- _To do_
Provide the data again in its entirety, exactly as given.

- _Records from a data source_

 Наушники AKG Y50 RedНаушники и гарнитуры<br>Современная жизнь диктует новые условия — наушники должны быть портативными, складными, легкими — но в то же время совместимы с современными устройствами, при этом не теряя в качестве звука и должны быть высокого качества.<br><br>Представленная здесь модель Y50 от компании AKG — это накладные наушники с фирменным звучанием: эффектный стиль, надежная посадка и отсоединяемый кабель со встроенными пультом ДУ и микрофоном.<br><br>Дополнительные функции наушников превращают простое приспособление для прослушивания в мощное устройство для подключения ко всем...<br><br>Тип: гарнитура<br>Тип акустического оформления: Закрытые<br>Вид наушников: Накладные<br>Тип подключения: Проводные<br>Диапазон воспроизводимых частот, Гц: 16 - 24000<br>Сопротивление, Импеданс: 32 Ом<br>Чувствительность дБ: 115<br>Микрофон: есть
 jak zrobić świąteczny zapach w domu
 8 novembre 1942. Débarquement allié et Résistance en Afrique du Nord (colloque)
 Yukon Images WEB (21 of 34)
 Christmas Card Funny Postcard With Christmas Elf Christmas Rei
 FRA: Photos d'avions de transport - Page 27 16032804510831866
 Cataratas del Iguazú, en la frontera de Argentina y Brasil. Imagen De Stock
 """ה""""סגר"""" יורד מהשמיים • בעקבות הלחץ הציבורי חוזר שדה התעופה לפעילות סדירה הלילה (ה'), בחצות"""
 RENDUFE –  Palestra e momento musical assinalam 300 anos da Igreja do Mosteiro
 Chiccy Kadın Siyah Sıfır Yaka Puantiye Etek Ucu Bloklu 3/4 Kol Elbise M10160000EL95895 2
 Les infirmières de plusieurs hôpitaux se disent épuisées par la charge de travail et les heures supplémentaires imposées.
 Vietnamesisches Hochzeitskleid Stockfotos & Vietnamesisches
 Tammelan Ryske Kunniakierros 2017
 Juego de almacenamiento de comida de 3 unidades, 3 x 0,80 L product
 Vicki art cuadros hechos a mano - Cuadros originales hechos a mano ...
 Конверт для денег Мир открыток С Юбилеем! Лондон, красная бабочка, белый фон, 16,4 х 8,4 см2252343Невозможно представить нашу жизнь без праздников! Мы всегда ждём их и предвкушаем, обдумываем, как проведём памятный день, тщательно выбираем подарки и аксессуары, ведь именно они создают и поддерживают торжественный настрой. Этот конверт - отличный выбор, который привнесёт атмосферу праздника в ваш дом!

- _Answer section_
 Наушники AKG Y50 RedНаушники и гарнитуры<br>Современная жизнь диктует новые условия — наушники должны быть портативными, складными, легкими — но в то же время совместимы с современными устройствами, при этом не теряя в качестве звука и должны быть высокого качества.<br><br>Представленная здесь модель Y50 от компании AKG — это накладные наушники с фирменным звучанием: эффектный стиль, надежная посадка и отсоединяемый кабель со встроенными пультом ДУ и микрофоном.<br><br>Дополнительные функции наушников превращают простое приспособление для прослушивания в мощное устройство для подключения ко всем...<br><br>Тип: гарнитура<br>Тип акустического оформления: Закрытые<br>Вид наушников: Накладные<br>Тип подключения: Проводные<br>Диапазон воспроизводимых частот, Гц: 16 - 24000<br>Сопротивление, Импеданс: 32 Ом<br>Чувствительность дБ: 115<br>Микрофон: есть
 jak zrobić świąteczny zapach w domu
 8 novembre 1942. Débarquement allié et Résistance en Afrique du Nord (colloque)
 Yukon Images WEB (21 of 34)
 Christmas Card Funny Postcard With Christmas Elf Christmas Rei
 FRA: Photos d'avions de transport - Page 27 16032804510831866
 Cataratas del Iguazú, en la frontera de Argentina y Brasil. Imagen De Stock
 """ה""""סגר"""" יורד מהשמיים • בעקבות הלחץ הציבורי חוזר שדה התעופה לפעילות סדירה הלילה (ה'), בחצות"""
 RENDUFE –  Palestra e momento musical assinalam 300 anos da Igreja do Mosteiro
 Chiccy Kadın Siyah Sıfır Yaka Puantiye Etek Ucu Bloklu 3/4 Kol Elbise M10160000EL95895 2
 Les infirmières de plusieurs hôpitaux se disent épuisées par la charge de travail et les heures supplémentaires imposées.
 Vietnamesisches Hochzeitskleid Stockfotos & Vietnamesisches
 Tammelan Ryske Kunniakierros 2017
 Juego de almacenamiento de comida de 3 unidades, 3 x 0,80 L product
 Vicki art cuadros hechos a mano - Cuadros originales hechos a mano ...
 Конверт для денег Мир открыток С Юбилеем! Лондон, красная бабочка, белый фон, 16,4 х 8,4 см2252343Невозможно представить нашу жизнь без праздников! Мы всегда ждём их и предвкушаем, обдумываем, как проведём памятный день, тщательно выбираем подарки и аксессуары, ведь именно они создают и поддерживают торжественный настрой. Этот конверт - отличный выбор, который привнесёт атмосферу праздника в ваш дом!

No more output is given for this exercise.